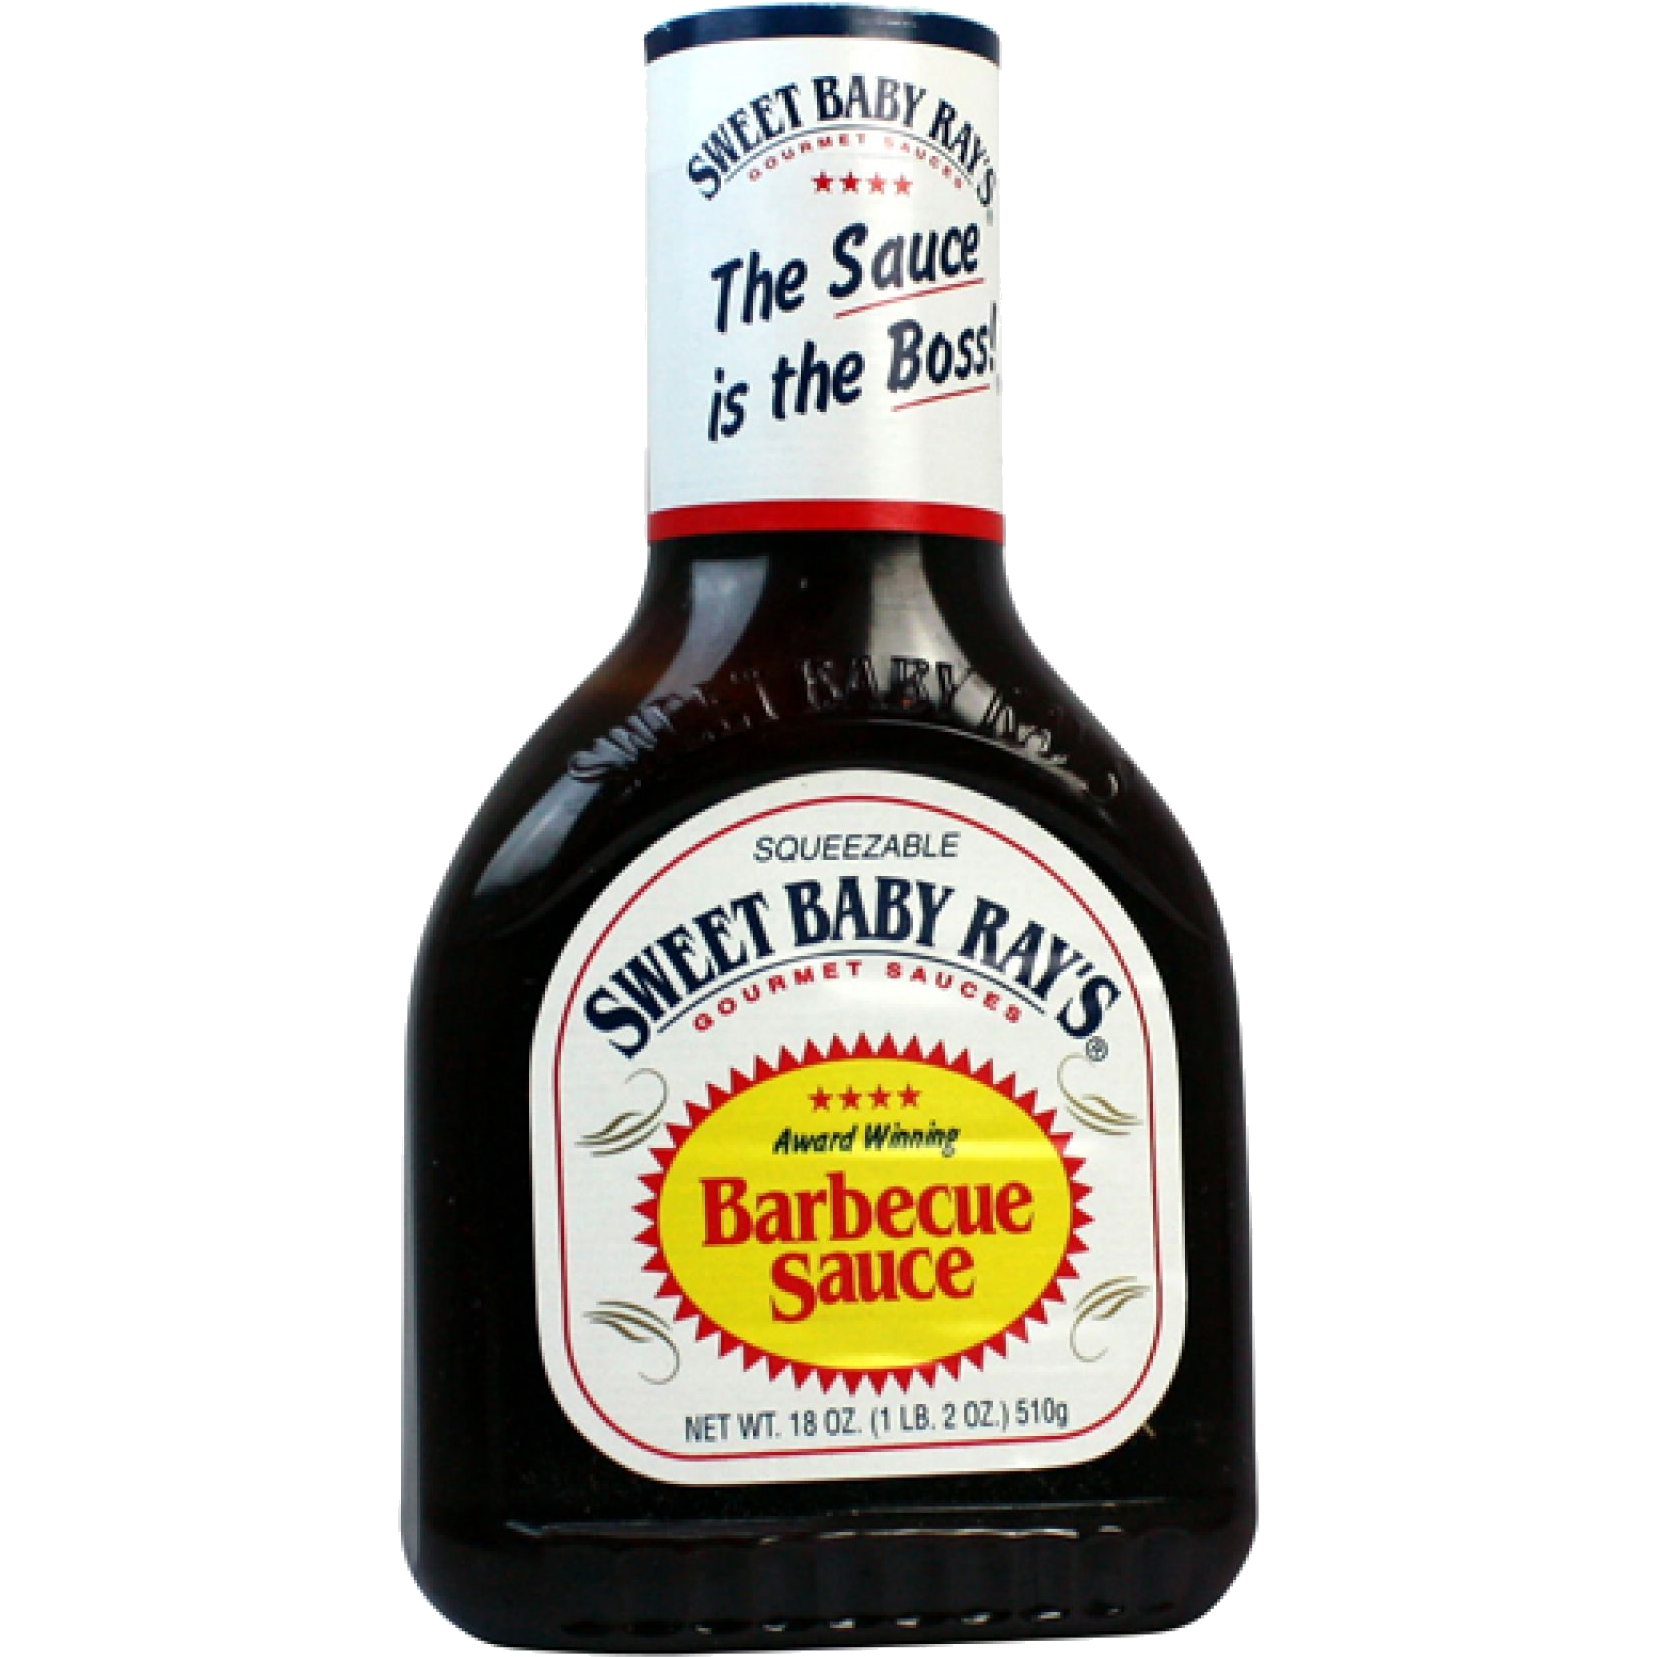 Sweet Baby Rays BBQ Sauce Original, 510g
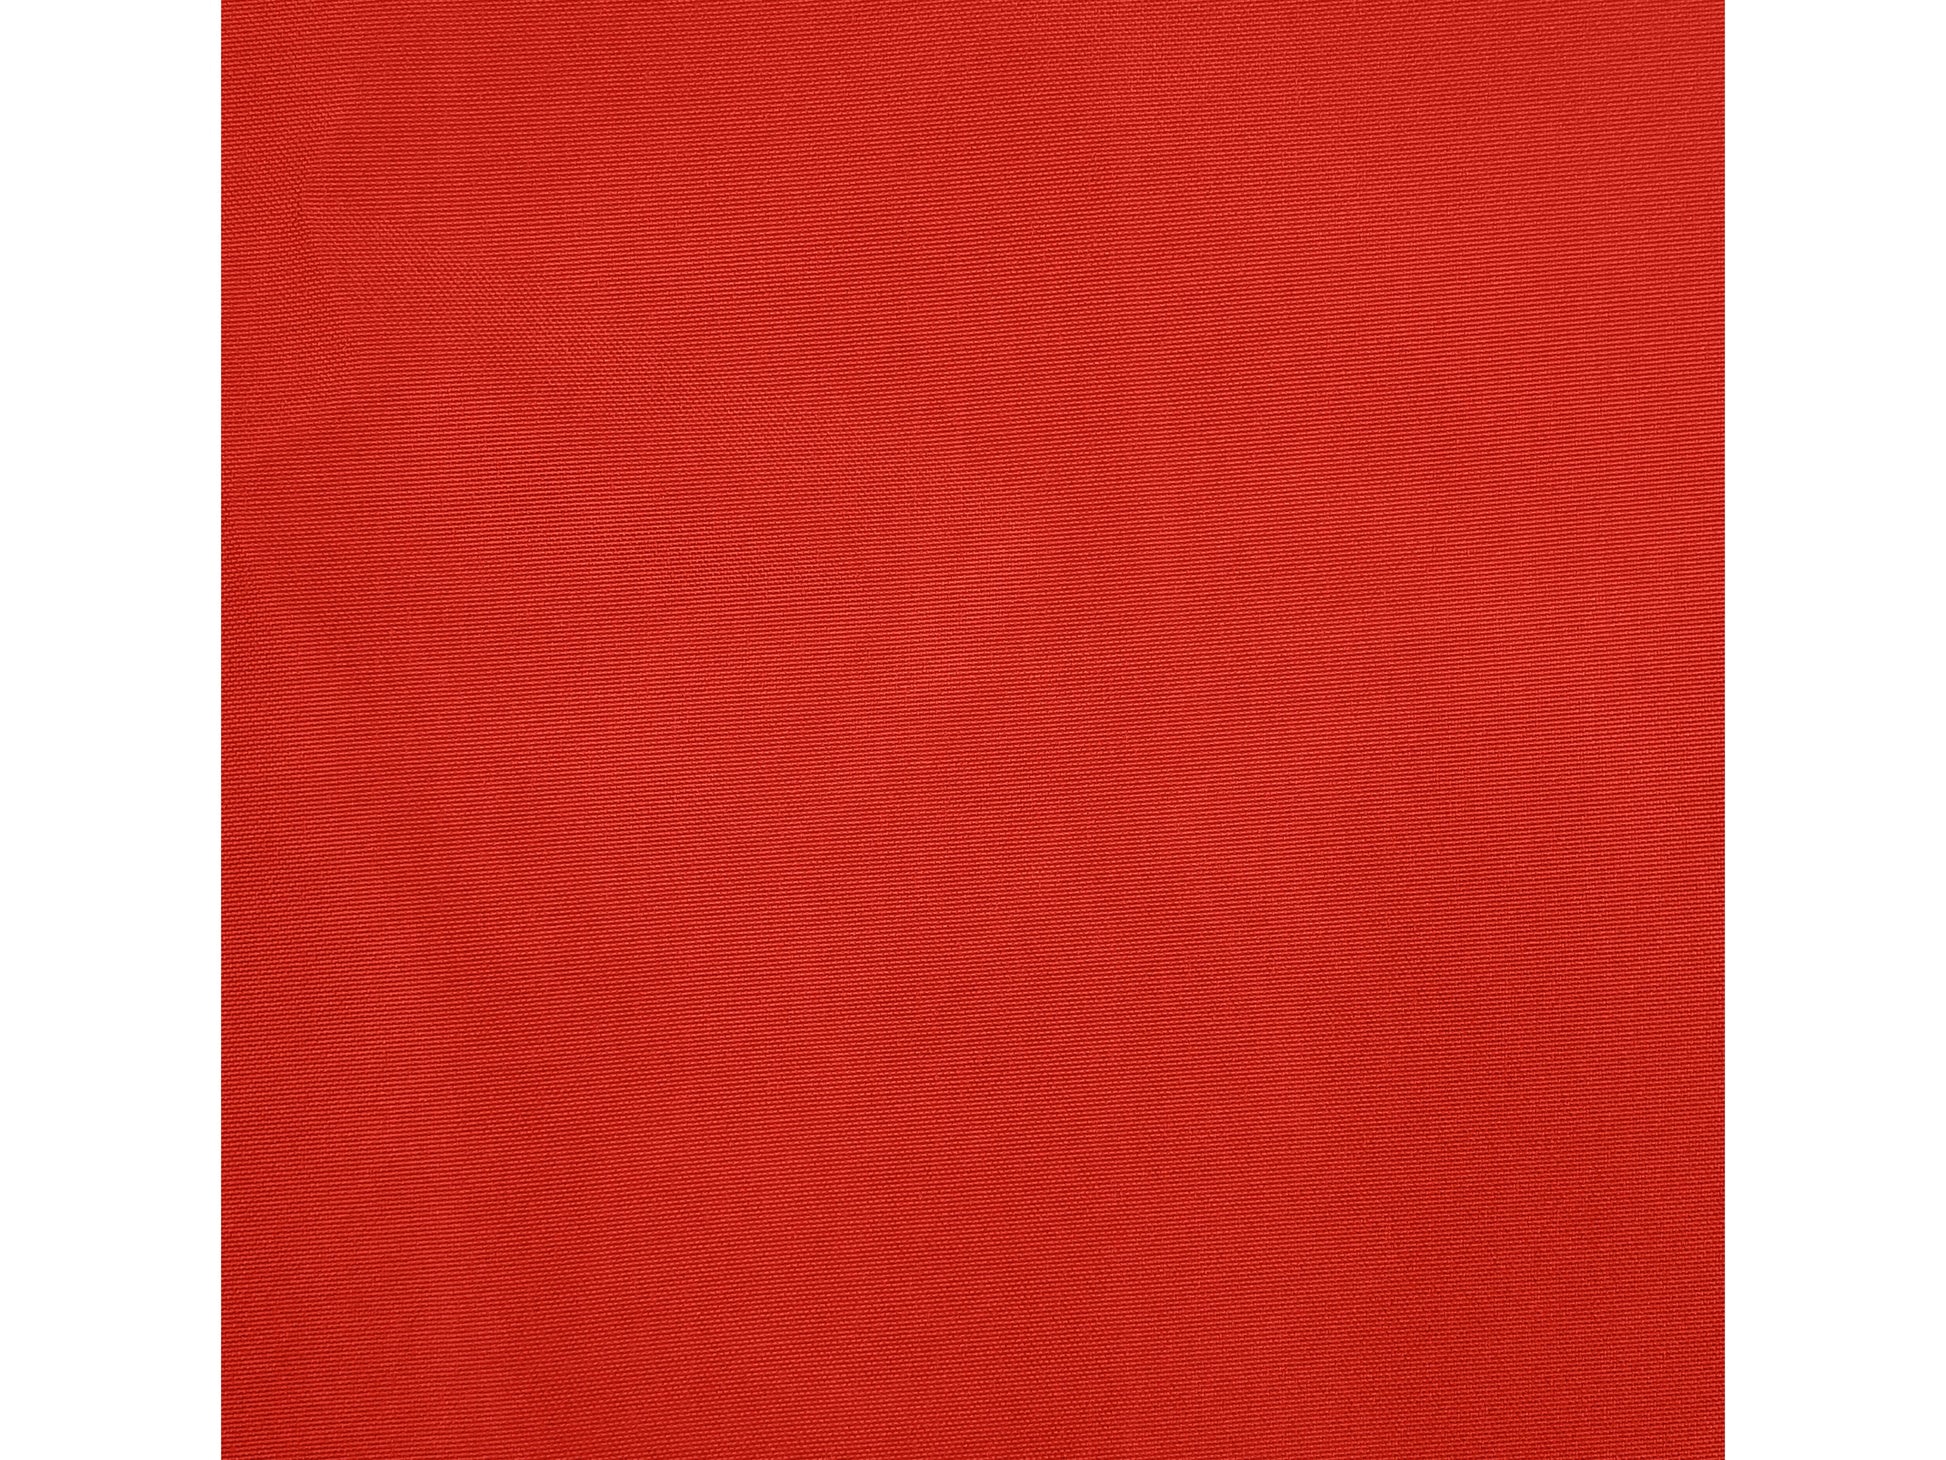 crimson red square patio umbrella, tilting 300 Series detail image CorLiving#color_crimson-red
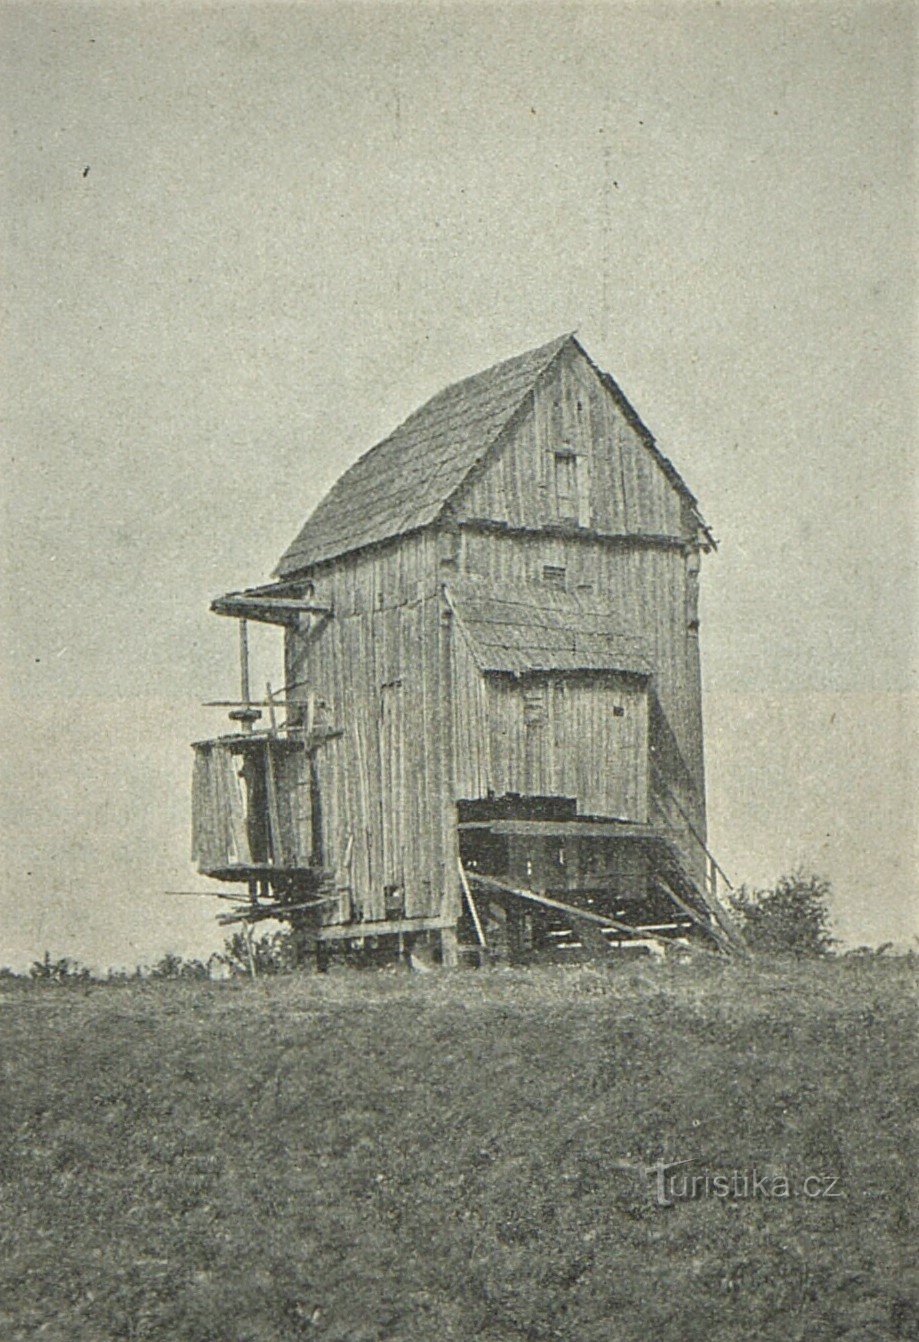 Fotografija vjetrenjače Doblnice iz 1909. godine
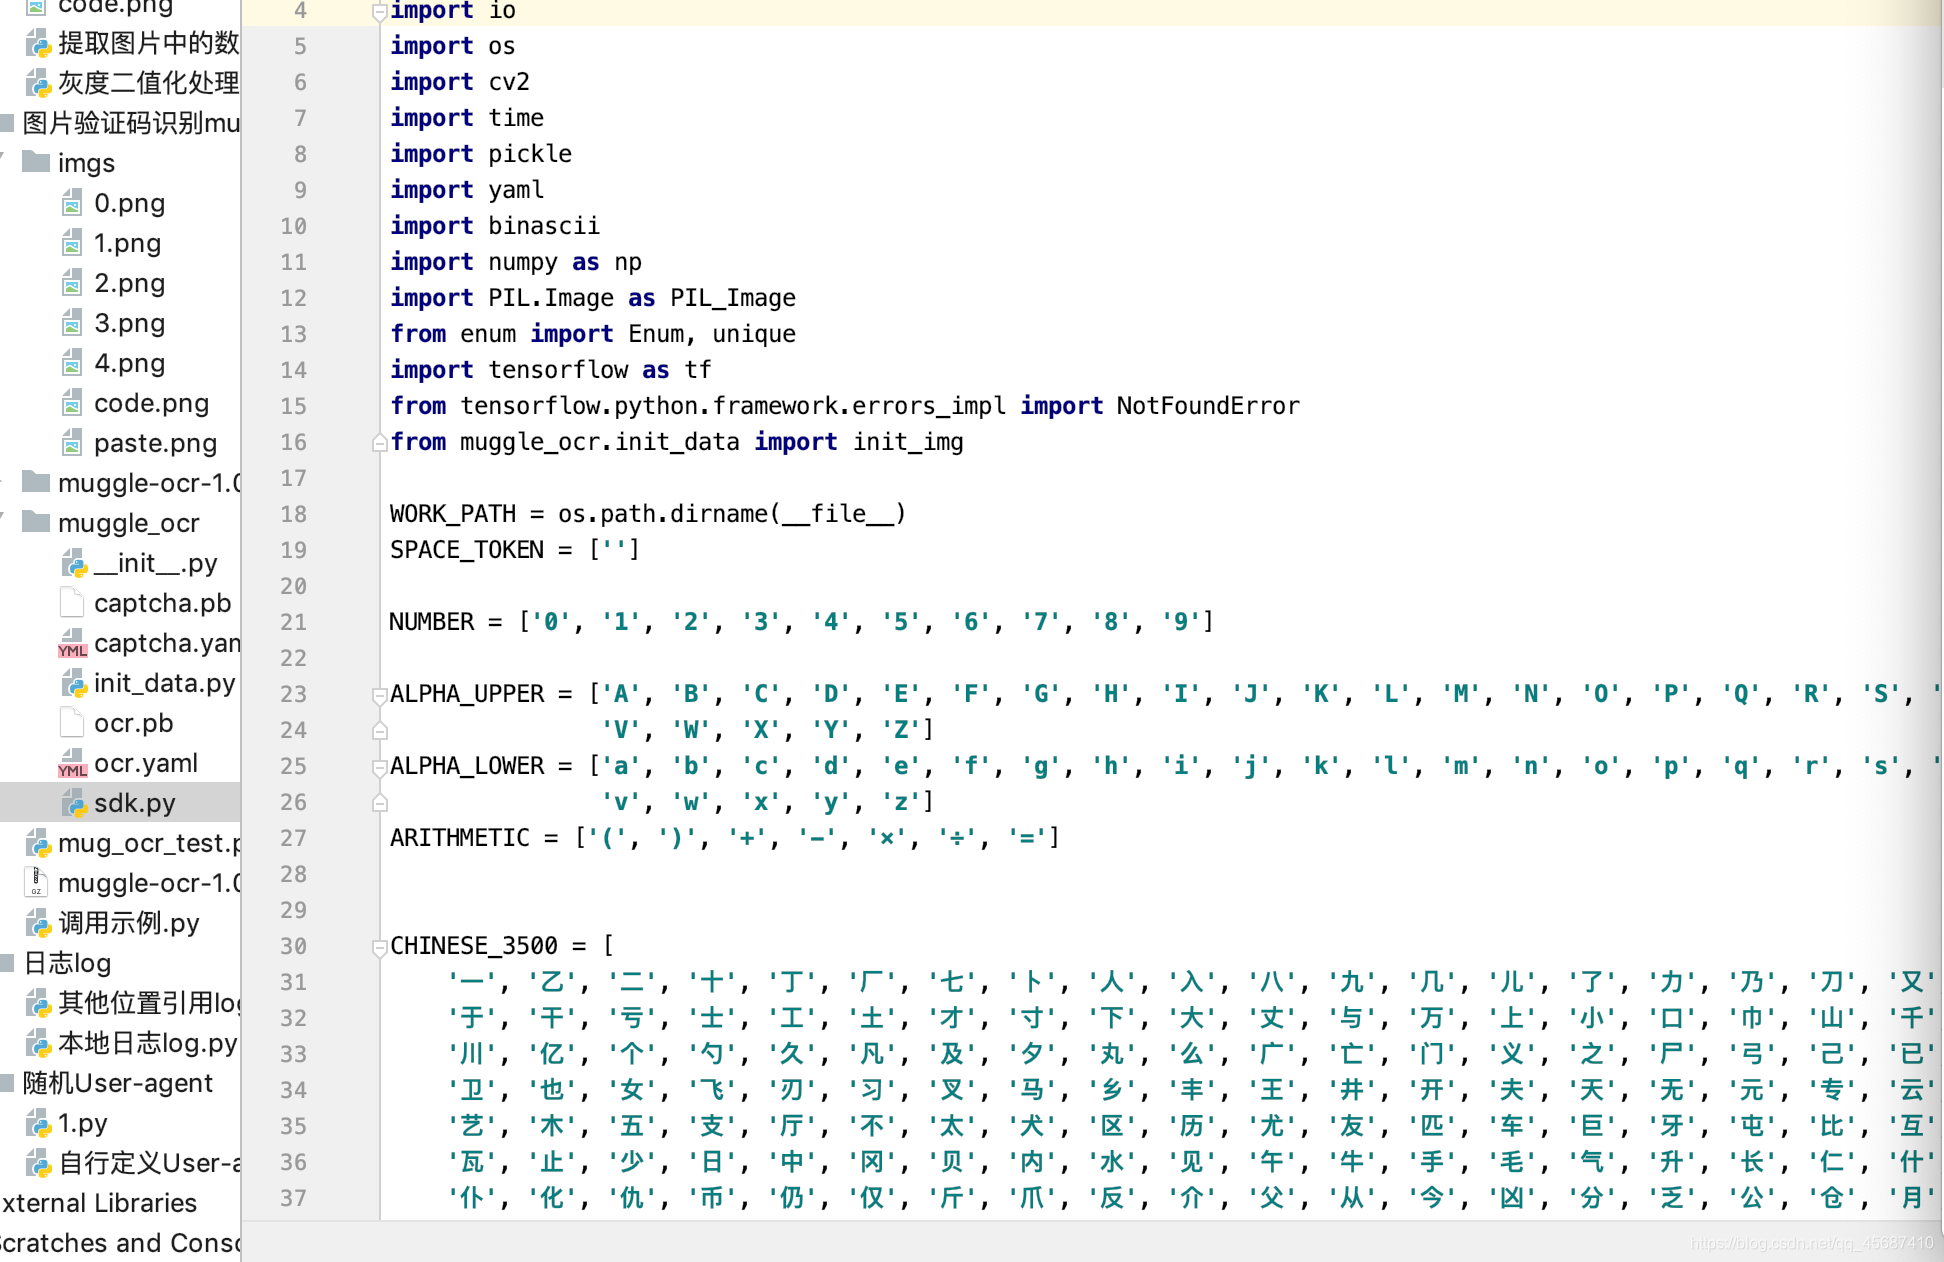 python图片验证码识别-基于机器学习的muggle_ocr图片验证码识别_muggle_ocr 训练验证码-CSDN博客

# YOUR TASK:
Omit the pictures, then retype the remaining material without a single change.

# PROBLEM SOLUTION:
 Sweet Baby Rays BBQ Sauce Original, 510g
 crimson red square patio umbrella, tilting 300 Series detail image CorLiving#color_crimson-red
 Fotografija vjetrenjače Doblnice iz 1909. godine
 python图片验证码识别-基于机器学习的muggle_ocr图片验证码识别_muggle_ocr 训练验证码-CSDN博客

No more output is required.